### RECORDS TO PROCESS

⟨

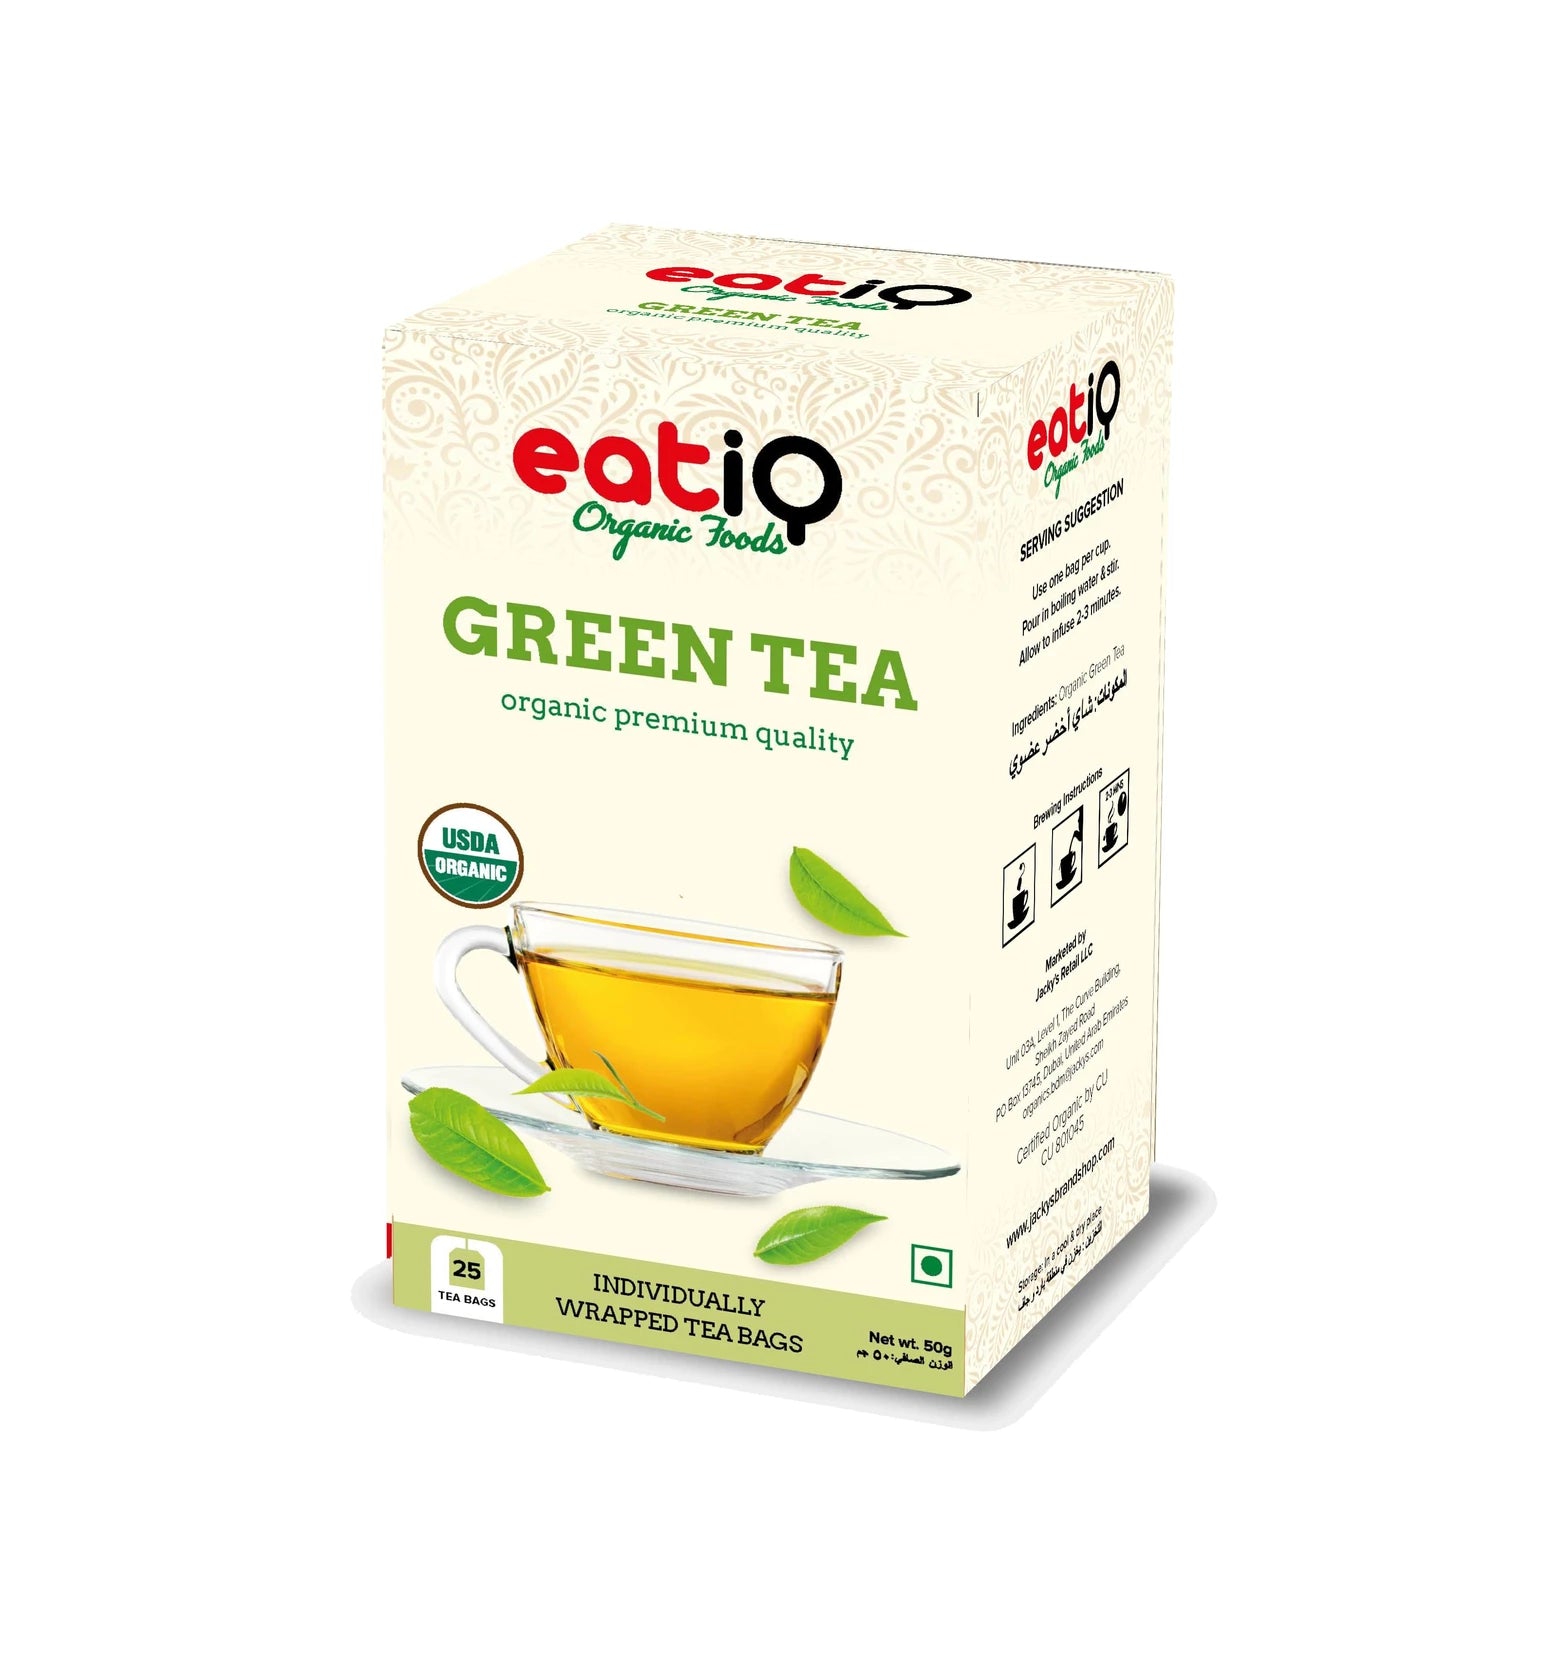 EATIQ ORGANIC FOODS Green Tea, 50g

⟩
⟨

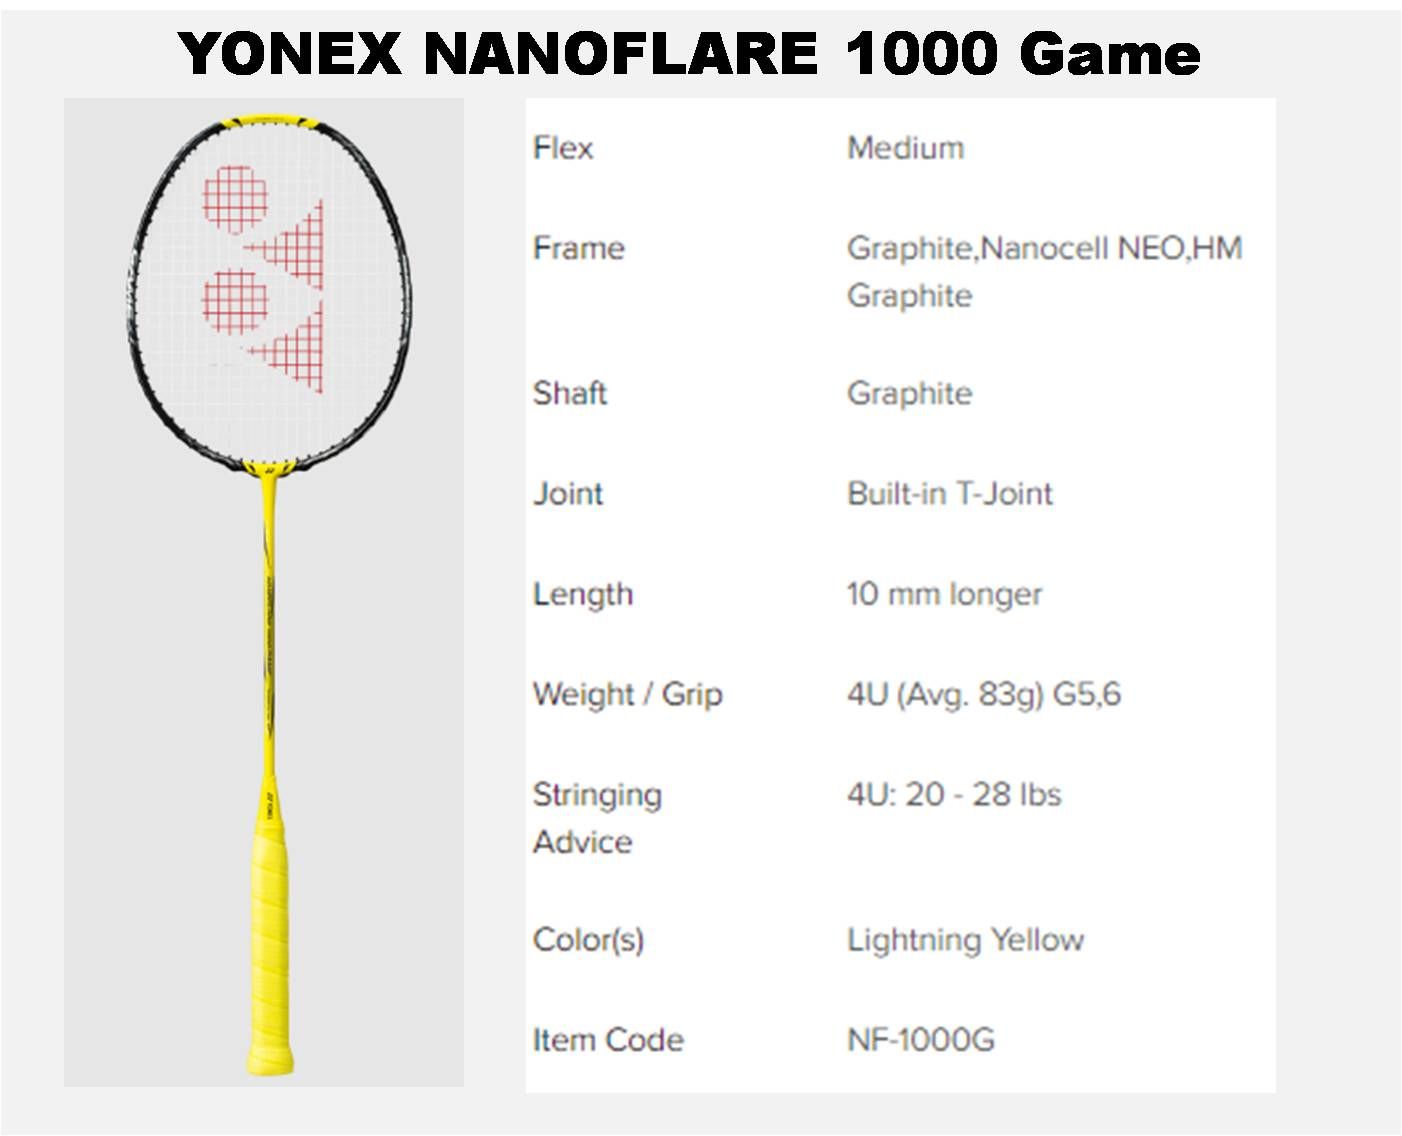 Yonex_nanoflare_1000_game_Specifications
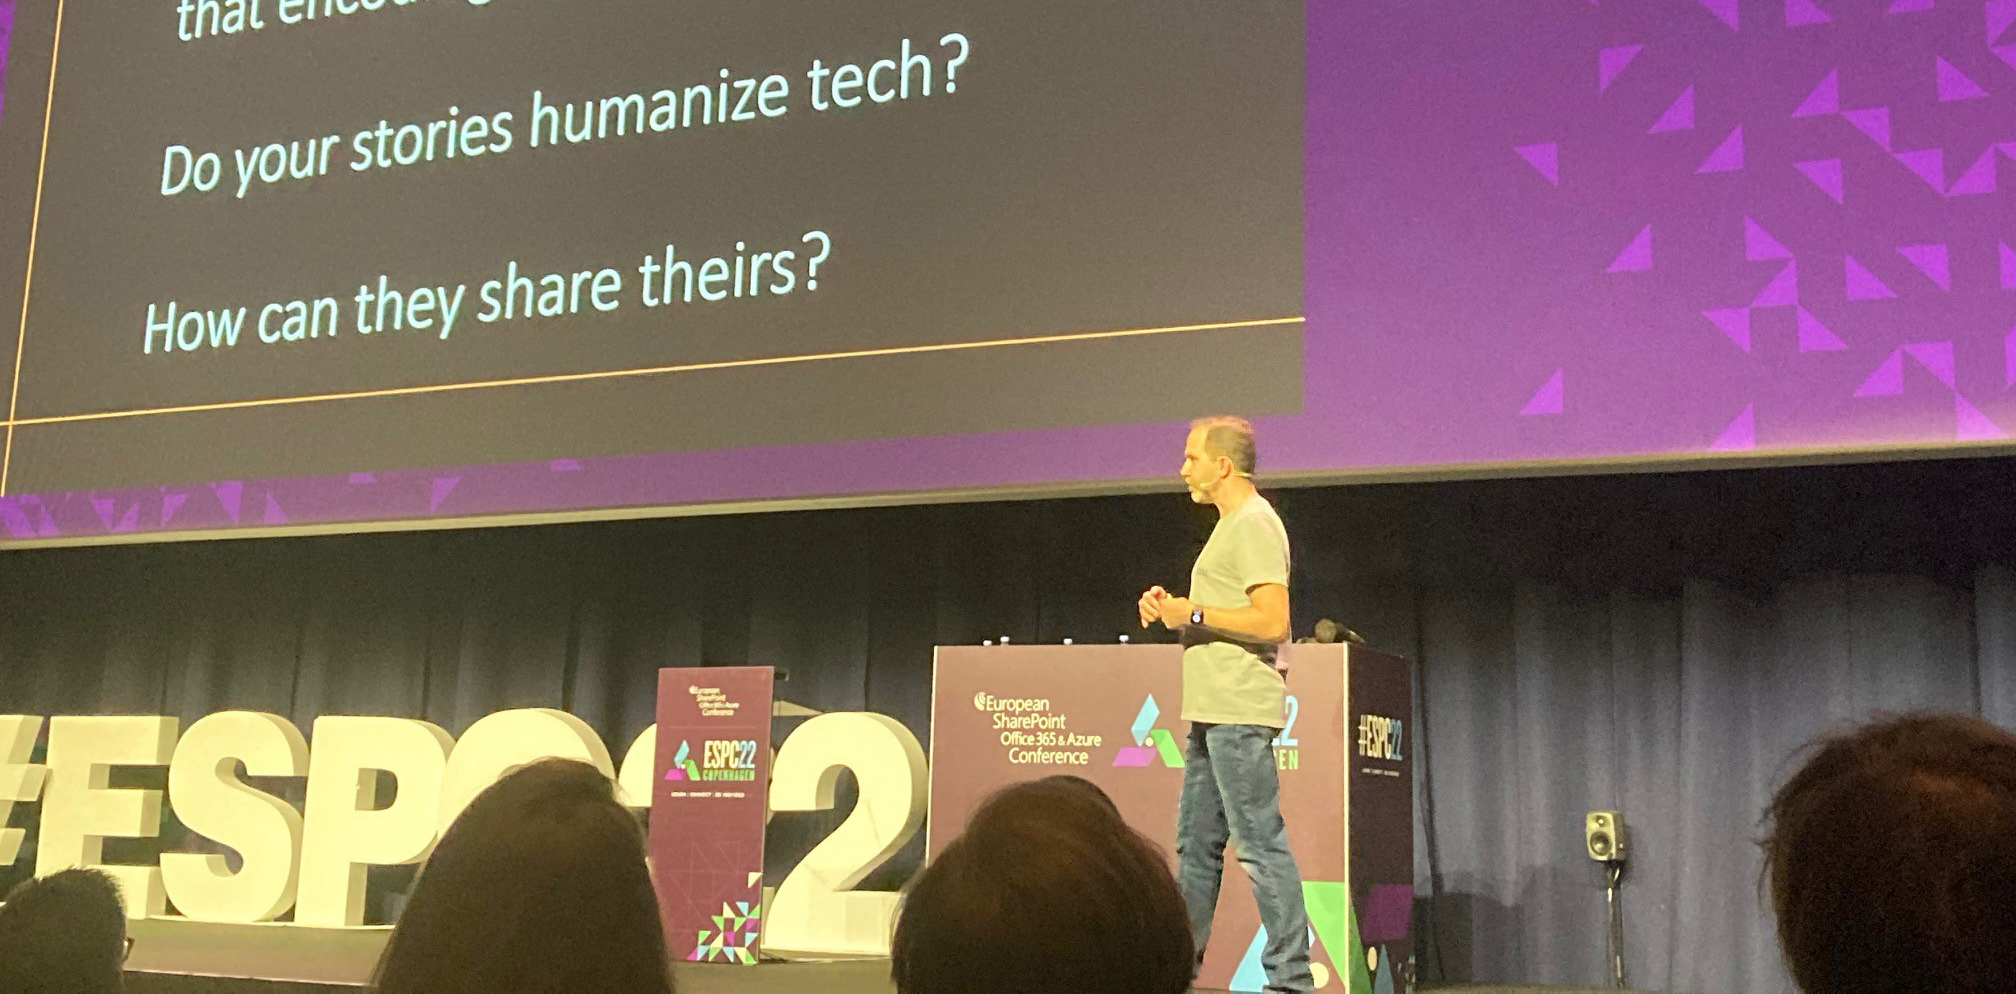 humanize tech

⟩
⟨

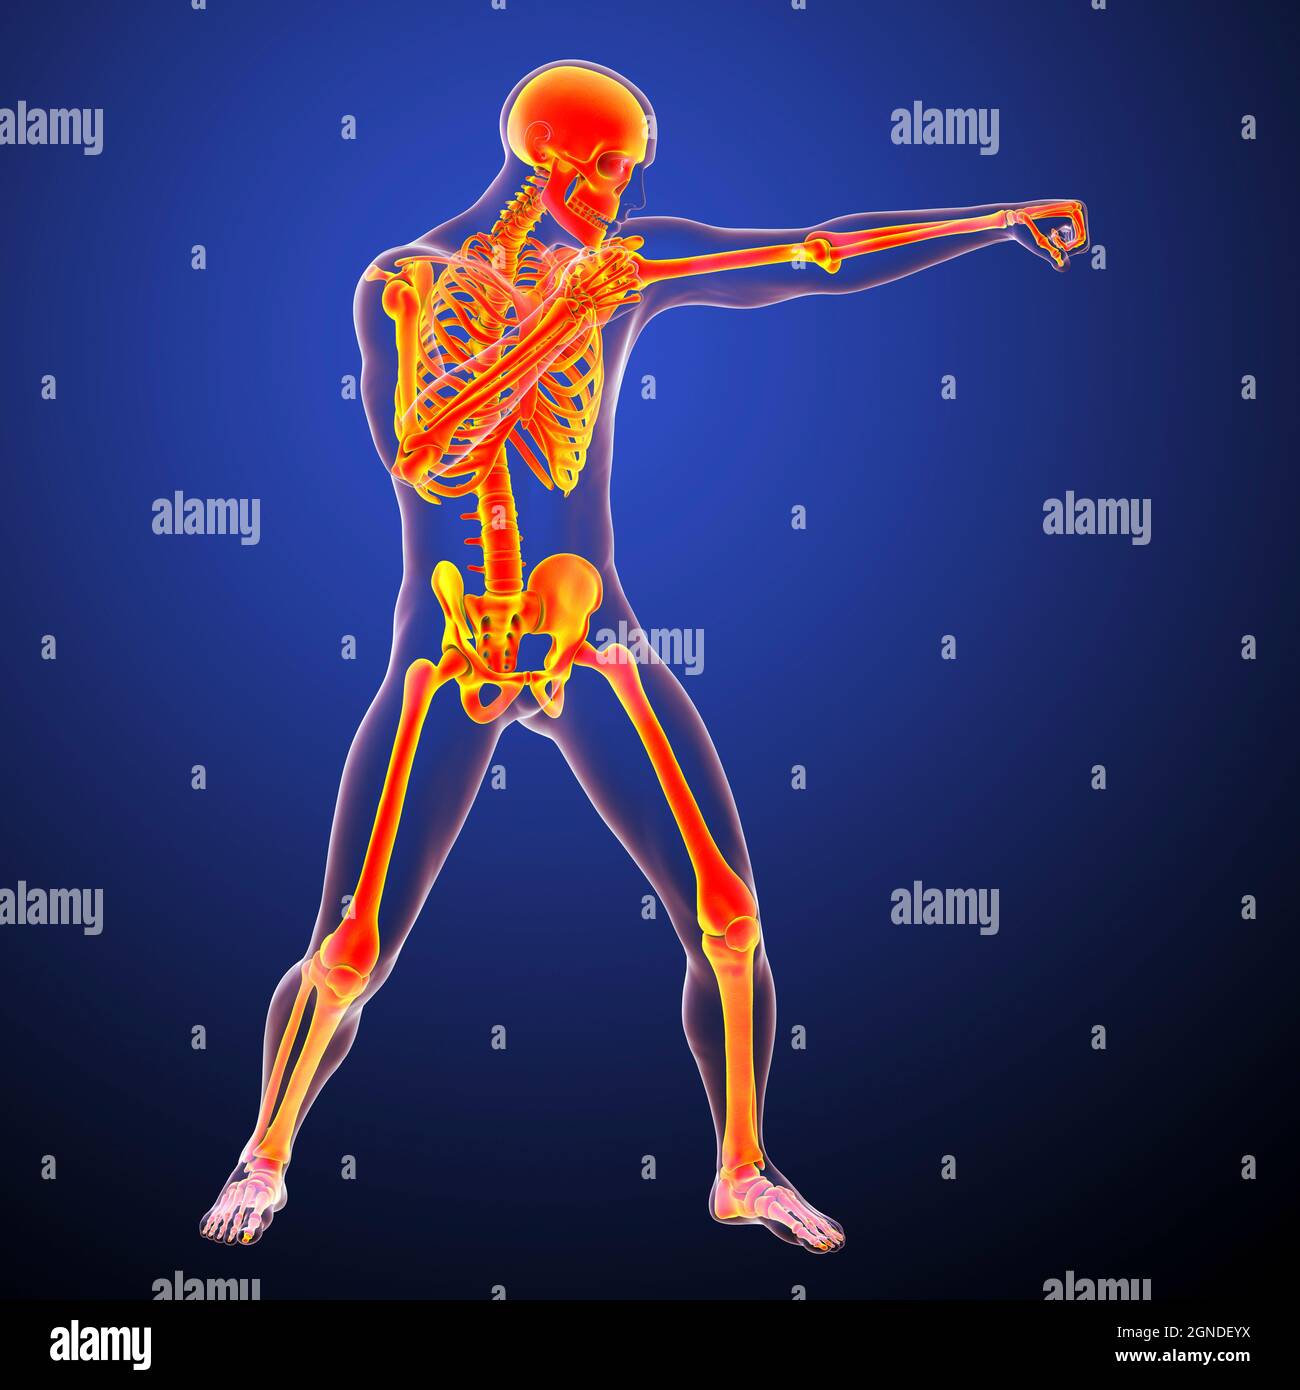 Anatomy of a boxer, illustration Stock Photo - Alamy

⟩

### DIRECTIONS
Out of the records above, set down only the lines from the one that contains "Yonex_nanoflare_1000_game_Specifications" through the one that contains "humanize tech", unchanged and without the pictures.

### EXERCISE SOLUTION
 Yonex_nanoflare_1000_game_Specifications
 humanize tech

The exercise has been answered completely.